A weak dependency is one in which the value of a dependent field MAY be changed if another field is changed. City, State, and Zip are examples of weak dependencies. If I change a person's city, I may not have to change their state. They may have moved within the same state. Likewise, if I change the state, I may not have to change the city. There is, after all, a Grand Rapids, Michigan and Grand Rapids, Minnesota. The relationship between city and zip is even more complicated.

Now, it is possible to represent these fields in a fully normalized fashion, but I contend that it is more trouble for very little gain. There are two main reasons for normalizing data: minimize redundant data and maximize data integrity. Both of these can be achieved by using lookup tables for City and State without trying to represent the relationship between the two. A zip code could be mis-typed, of course, but it could also be mis-selected from a list, so to my mind there's no real reason to have a lookup table.

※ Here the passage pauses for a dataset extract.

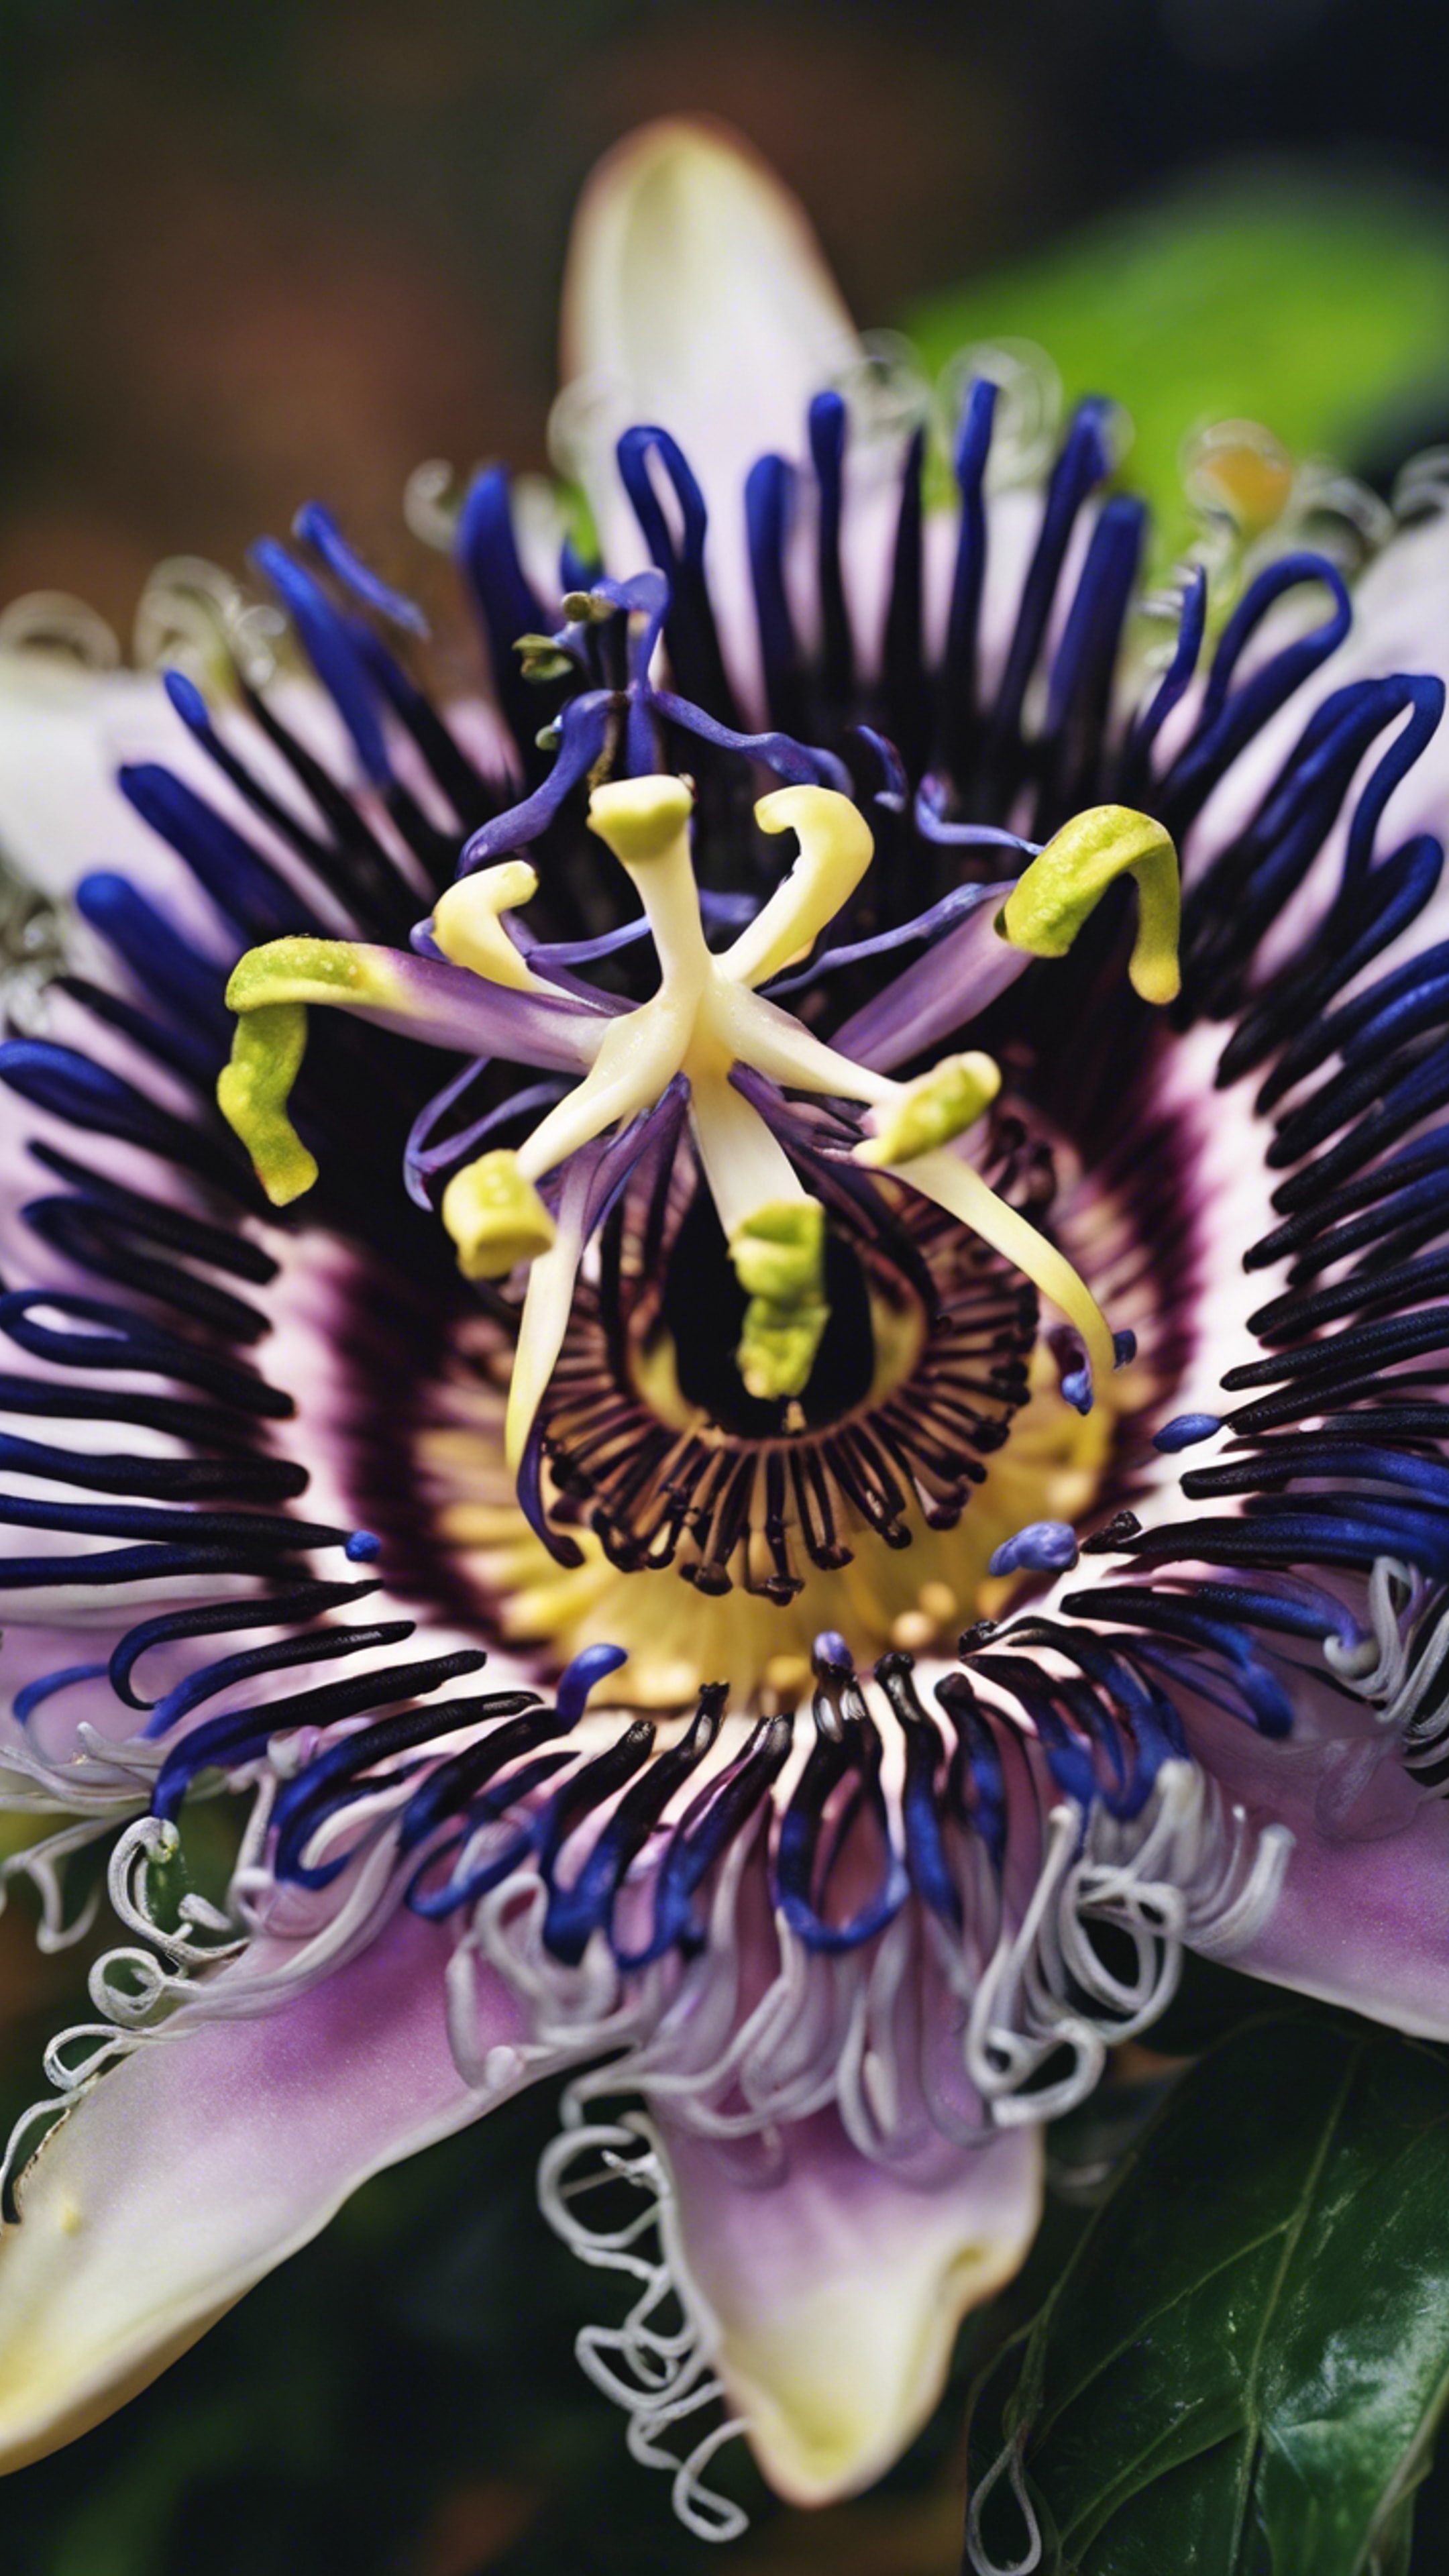 A painting of an exotic black passion flower, its intricate design encompassing a sense of magic and wonder.壁紙[3d4ff6ed559c4a328ed3]

If you did normalize these fields, you could have a selection process that would present all possible combinations of values if you selected the City. For instance, if you had a combo box for City, you could have cascading combo boxes to select only the appropriate States and Zip codes. But it would be just as easy to mis-select the right value from this list as it would be to mis-select from independent lookup tables. And, of course, you'd have to create and maintain these relationships.

Therefore, normalizing City, State, and Zip adds a complication to your data model for very little gain, and in my opinion, is a good example of when to denormalize.